Hi,
I`m referring to an old topic. Because I have exactly the same question I have taken the liberty to copy this: I have multiple variables over which I have to select my total sample. In other word, you can say best quota fit from the total sample. for example: I have total sample of 1100 out which I have to select 1000 sample based on 3 different variable Age, Gender, Region. Gender: 500:500 Age: 250:300:300:150 Region: 334:333:333 There has been a solution for this problem by down weighting: *Simulation of your data*. NEW FILE. INPUT PROGRAM. LOOP CASE=1 TO 1100. COMPUTE G=TRUNC(UNIFORM(2)+1). COMPUTE A=TRUNC(UNIFORM(4)+1). COMPUTE R=TRUNC(UNIFORM(3)+1). LEAVE G A R CASE. END CASE. END LOOP. END FILE. END INPUT PROGRAM. **** GET YOUR RAW DATA AND GO for it. *I have used G A R for your variables gender age race so substitute as needed *. SORT CASES BY G A R. SAVE OUTFILE "SortedRawData.sav". AGGREGATE OUTFILE */ BREAK G A R / N_Obs=N. COMPUTE N_TOT=SUM(LAG(N_TOT),N_OBS).

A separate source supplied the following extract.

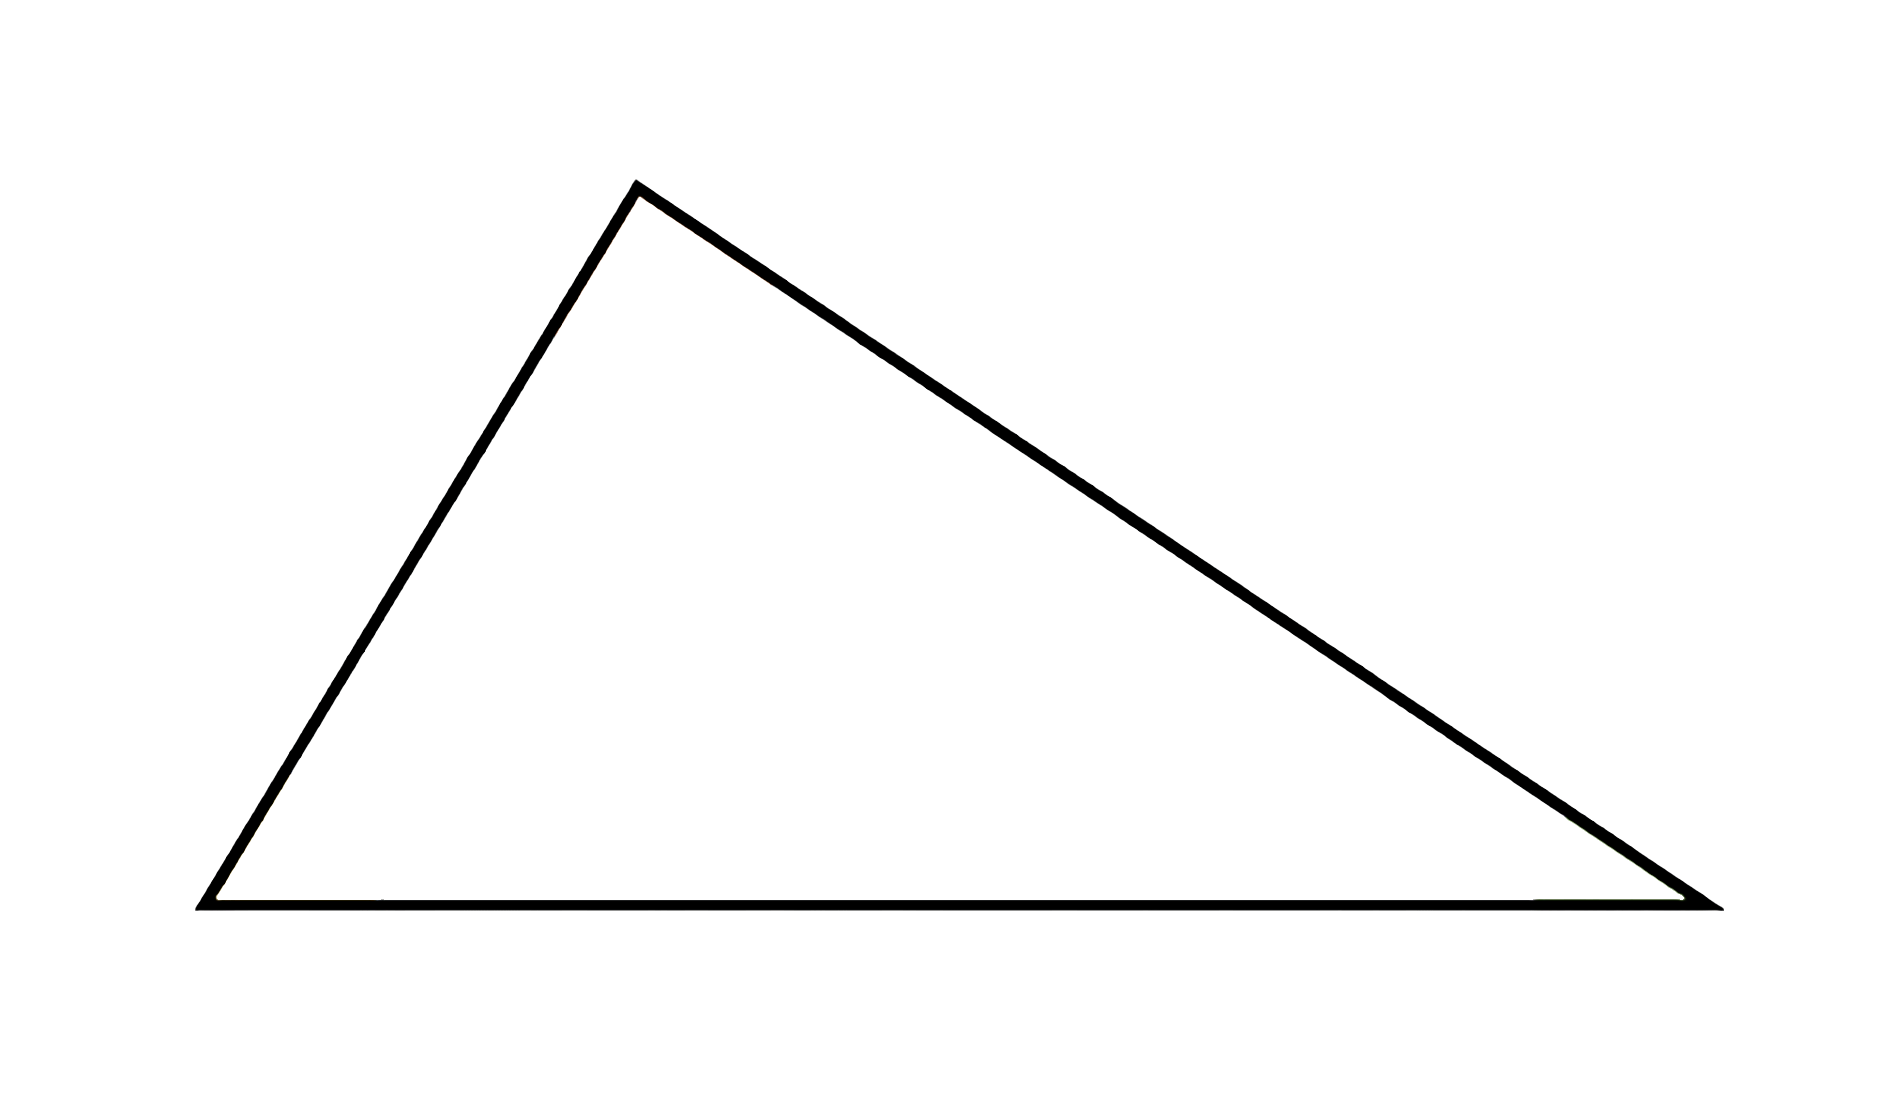 Figure geometriche - Figura geometrica piana - Triangolo scaleno

SORT CASES BY N_TOT(D). IF $CASENUM > 1 N_TOT=LAG(N_TOT). SORT CASES BY G A R. SAVE OUTFILE "Obs_table.sav" . * Create a table of desired proportions/counts *. NEW FILE. INPUT PROGRAM. LOOP G=1 TO 2. LOOP A= 1 TO 4. LOOP R= 1 TO 3. COMPUTE CELL=1. LEAVE G A R. END CASE. END LOOP. END LOOP. END LOOP. END FILE. END INPUT PROGRAM. RECODE G (1=.5)(2=.5) INTO P_G / A (1=.25)(2,3=.3)(4=.15) INTO P_A / R (1=.34)(2,3=.33) INTO P_R . COMPUTE P_C_DES = P_G * P_A * P_R . COMPUTE F_C_DES=P_C_DES*1000. SAVE OUTFILE "BaseTableProb.sav". MATCH FILES / FILE "Obs_table.sav" / FILE "BaseTableProb.sav" / BY G A R. COMPUTE P_OBS=N_OBS /N_TOT. COMPUTE C_WEIGHT=(P_C_DES /P_OBS) * (1000/N_TOT). MATCH FILES / FILE "SortedRawData.sav" /TABLE * / BY G A R. WEIGHT BY C_WEIGHT. FREQ G A R. CROSS / TABLE G BY A BY R /CELLS= ALL. I would like to know if it be possible not to downweight but to mark all 100 completes who can be erased so that I have a dataset with n=1000 ? Thank you so much! |
David, your solution was one to weight the data to achieve desired marginal proportions i.e. rim weighting / raking (though not interlocked).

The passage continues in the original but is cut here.